The agency then asked why the exporter calculated its cost-based data on quarterly pricing information. The respondent said it did so because the cost of slab varies greatly depending on the type and it fluctuates over time. In the review's preliminary results, Commerce found that quarterly cost methodology was not warranted, leading it to compare most of the respondent's U.S. sales to only two home market sales with much higher prices made closer to the end of the review period, distorting the dumping margin.

Officine said it submitted a case brief contesting this decision, showing that its cost of manufacturing jumped by over 25% during the review period and that its costs and net price are "reasonably correlated." Nevertheless, Commerce again rejected the quarterly cost methodology, claiming it didn't use the method since the exporter did not request that Commerce consider applying the methodology before the preliminary results.
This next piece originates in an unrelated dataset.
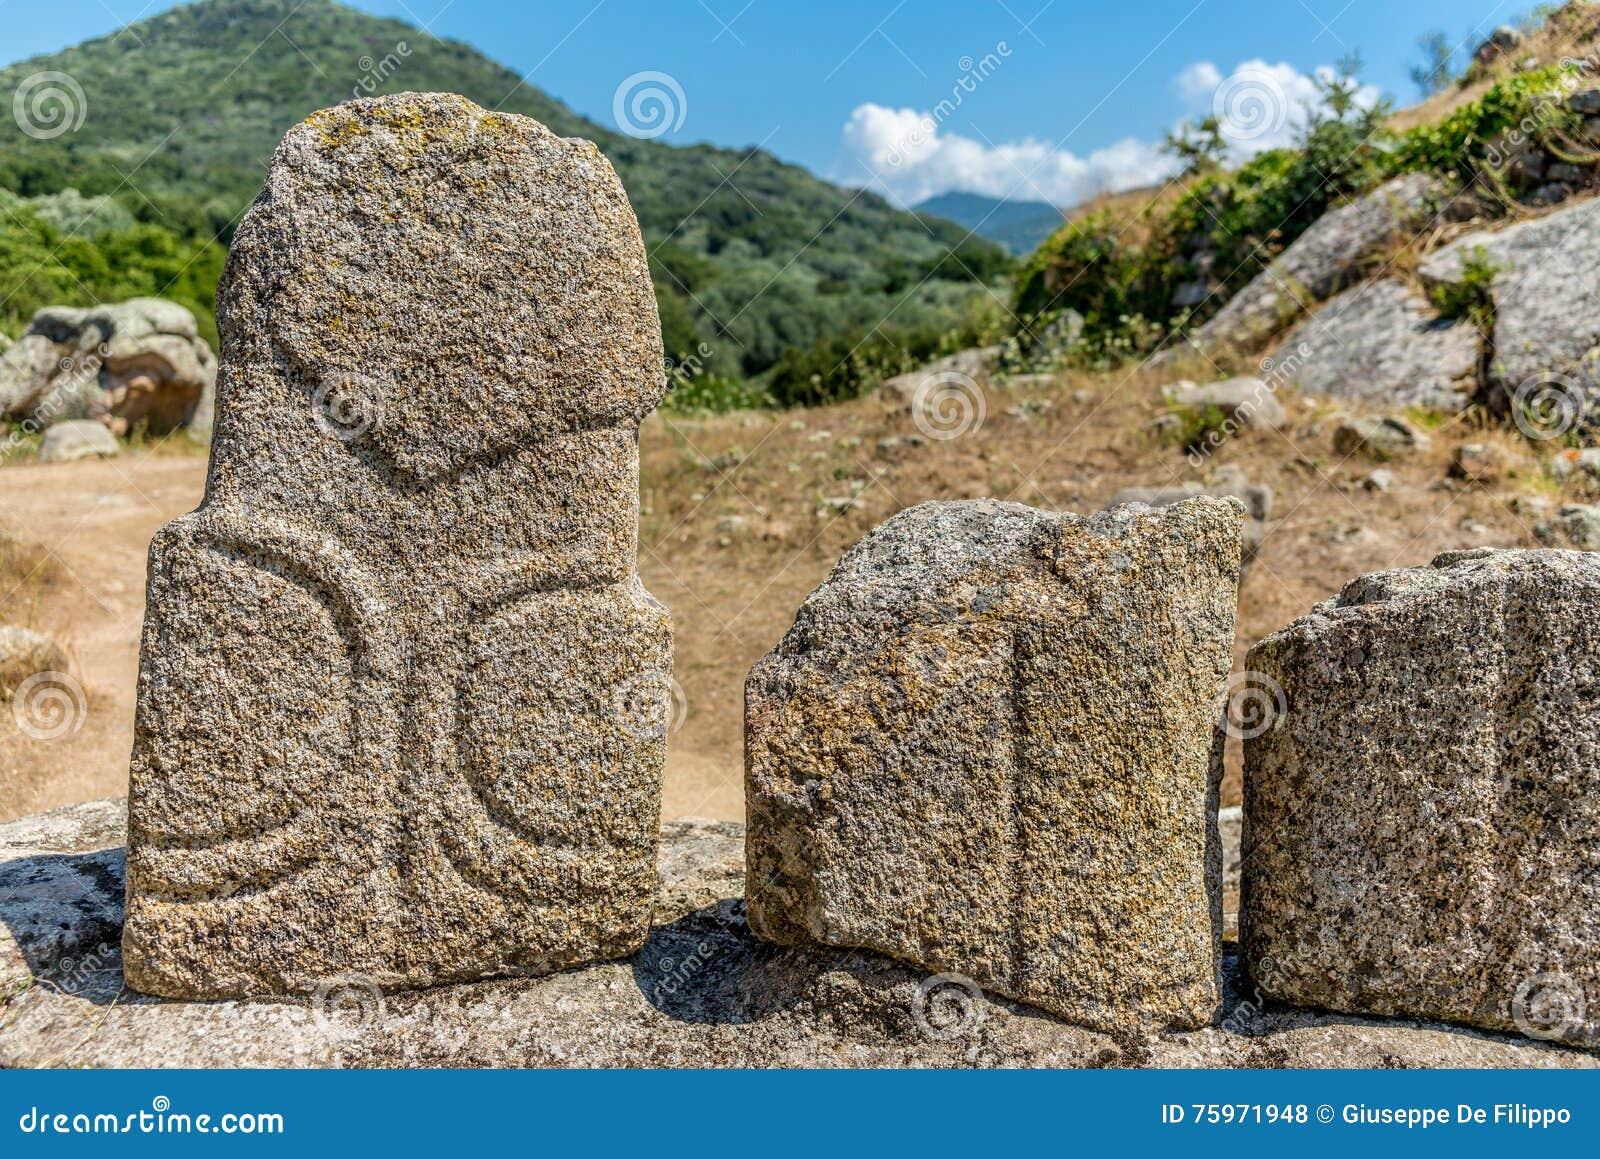 Estatuas prehistóricas en las colinas de Córcega - 4

Taking to the trade court, the exporter said that this was not the case. "[Commerce's explanation] is contrary to Commerce’s statement that it has already conducted such analysis before issuing the preliminary results," the brief said. "Moreover, Commerce has used its questionnaires and verification process to test the accuracy of the quarterly costs reported by OTS. Therefore, the fact that the record did not include the weighted average version of the quarterly costs was irrelevant for the purposes of testing accuracy of the reported costs."

In past AD reviews, Commerce has established a practice of using quarterly cost methodology, which employs the method when a respondent's cost of manufacturing has changed by over 25% during the review period and the cost of manufacturing and net price are reasonably correlated, Officine said. As both of these factors were true in Officine's case, the exporter said the agency should have used the quarterly cost methodology.